Question

A non-uniform rod $AB$ has a mass and length $2l$ the mass per unit length of the rod is $mx$ at a point of rod distant $x$ from. Find the moment of inertia of this rod about an perpendicular to the rod (a) through $A$ (b) through the midpoint of $AB$

Answer 1

Hint: Here they have given the mass of the rod $M$ and they also given the length of the rod that is $2l$ here in the question they have mentioned that mass per unit length of rod = $mx$ of a point distance $x$ from $A$
We have to find the moment of inertia of this rod about a perpendicular axis (a) through $A$ (b) through the midpoint of $AB$

Complete step by step solution:

Given that the mass of the rod is $M$ and the length of the rod that is $2l$
Consider the small mass of a length $dx$ and mass $dm$ from the point $A$, then the mass per unit length can be given as:
\[dM = {\text{ }}mxdx\]

On integrating the above equation we will get total mass of rod on LHS and RHS can be integrated from \[x = 0\]to \[x = 2l.\]Then the Equation becomes,

\[\int {dM} = {\text{ }}\int\limits_0^{2l} {mxdx} \]

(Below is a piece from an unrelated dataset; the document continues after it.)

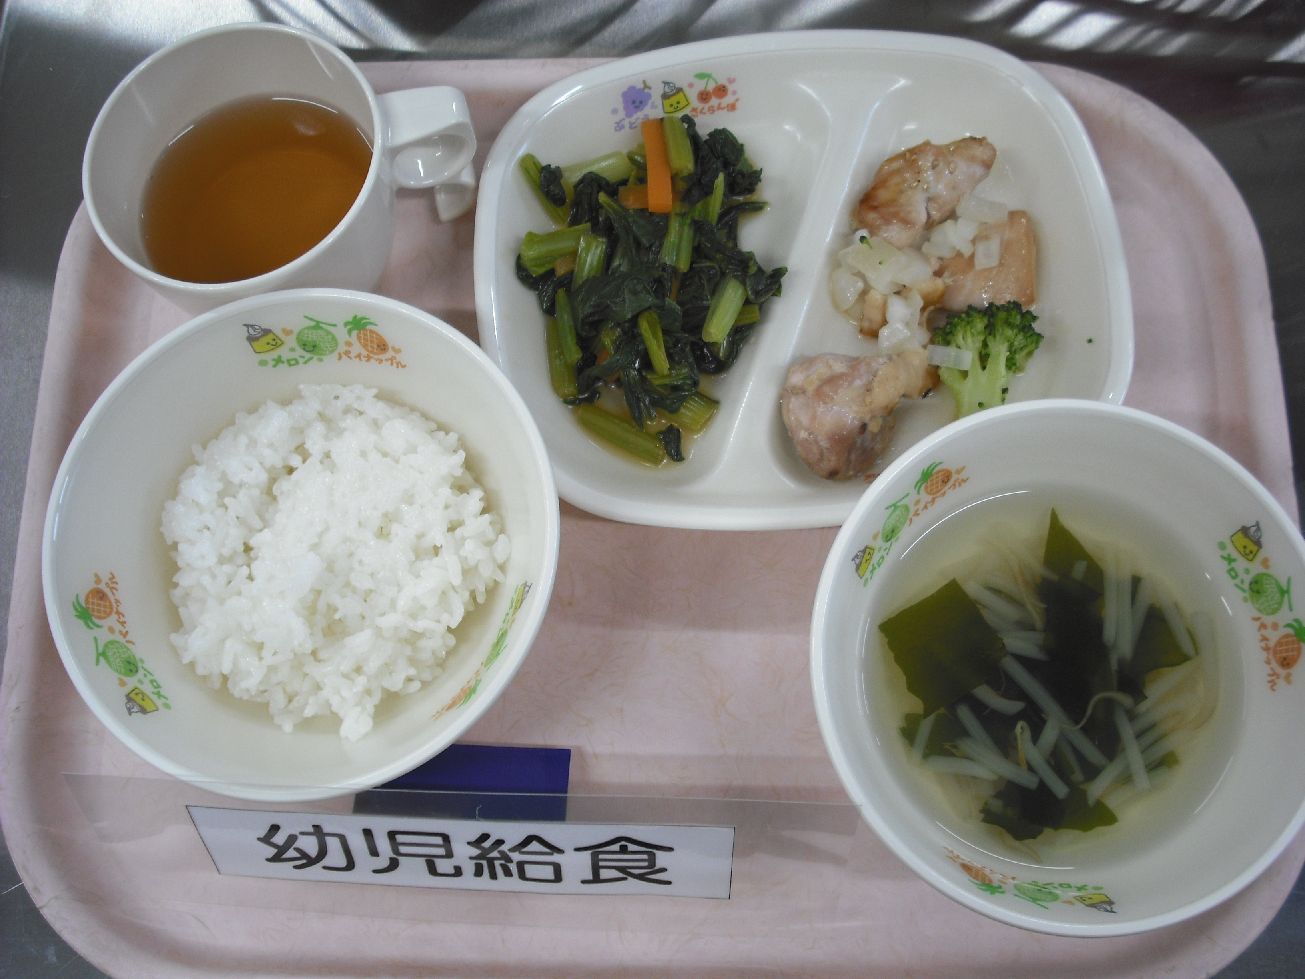 ご飯 中華風ローストチキン 小松菜のナムル わかめスープ

After integrating the above equation we get

$M = m\left[ {\dfrac{{{x^2}}}{2}} \right]_0^{2l}$

Now apply the limit to the above equation

$M = m\left[ {\dfrac{{{{(2l)}^2}}}{2}} \right]$

Then after further simplifying the above equation we get

\[M{\text{ }} = {\text{ }}2m{l^2}\]

Now take $m$ outside then the equation becomes

$m = \dfrac{M}{{2{l^2}}}..........(1)$

Now the moment of inertia of rod is given by

\[dI{\text{ }} = {\text{ }}mx{x^2}dx\]

For the inertia at $A$, we have to integrate from $0$to $2l$

$I = \int\limits_0^{2l} {m{x^3}} dx$

After integrating we get

$I = m\left[ {\dfrac{{{x^4}}}{4}} \right]_0^{2l}$

After applying limits we get

$I = 4m{l^4}$

Now substitute the value of $m$from equation $(1)$so we get

$I = 4\left( {\dfrac{M}{{2{l^2}}}} \right){l^4}$

After simplifying above equation we get

\[I = 2M{l^2}\]

For part B

Consider the midpoint as a origin and the length of the rod is from $ - L$ to $ + L$ and element of mass is \[dm\]and length \[dx\]at \[\left( {L - x} \right)\]

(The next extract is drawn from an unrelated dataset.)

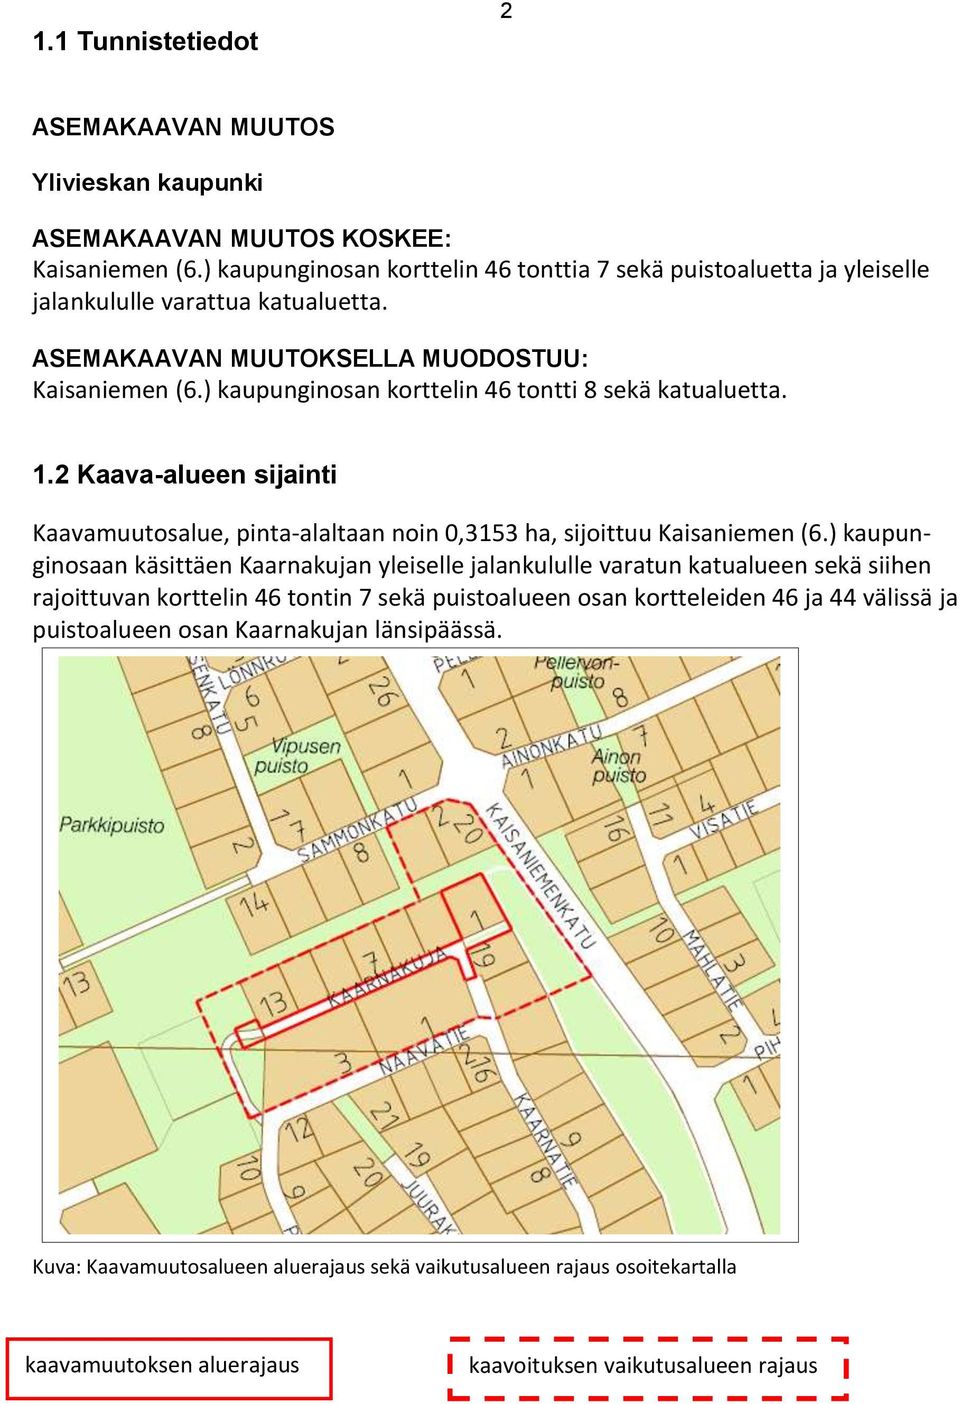 ) kaupunginosan korttelin 46 tontti 8 sekä katualuetta. 1.2 Kaava-alueen sijainti Kaavamuutosalue, pinta-alaltaan noin 0,3153 ha, sijoittuu Kaisaniemen (6.

Now the Mass of the element is given as

\[dM = {\text{ }}m\left( {L - x} \right)dx\]

Now the Moment of inertia of the rod can be taken as

\[dI = {\text{ }}m\left( {L - x} \right){x^2}{\text{ }}dx.\]

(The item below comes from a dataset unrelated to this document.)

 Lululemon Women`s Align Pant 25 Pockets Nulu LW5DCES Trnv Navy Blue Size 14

Now integrate the above equation for the limits $ - L$ to $ + L$ we get

$I = \int\limits_{ - L}^{ + L} {\left( {L{x^2} - {x^3}} \right)} dx$

After integrating the above equation we get

$I = \left( {\dfrac{{L{x^3}}}{3} - \dfrac{{{x^4}}}{4}} \right)_{ - L}^{ + L}$

Now apply the limits

$I = m\left[ {\left( {\dfrac{{{L^4}}}{3} - \dfrac{{{L^4}}}{4}} \right) - \left( { - \dfrac{{{L^4}}}{3} - \dfrac{{{L^4}}}{4}} \right)} \right]$

We have to substitute the value of m from (1) and after simplifying we get

$I = \dfrac{{M{L^3}}}{3}$

Note: The Moment of inertia is defined as the quantity expressed by the body resisting an angular acceleration which is the sum of the product of mass of every particle.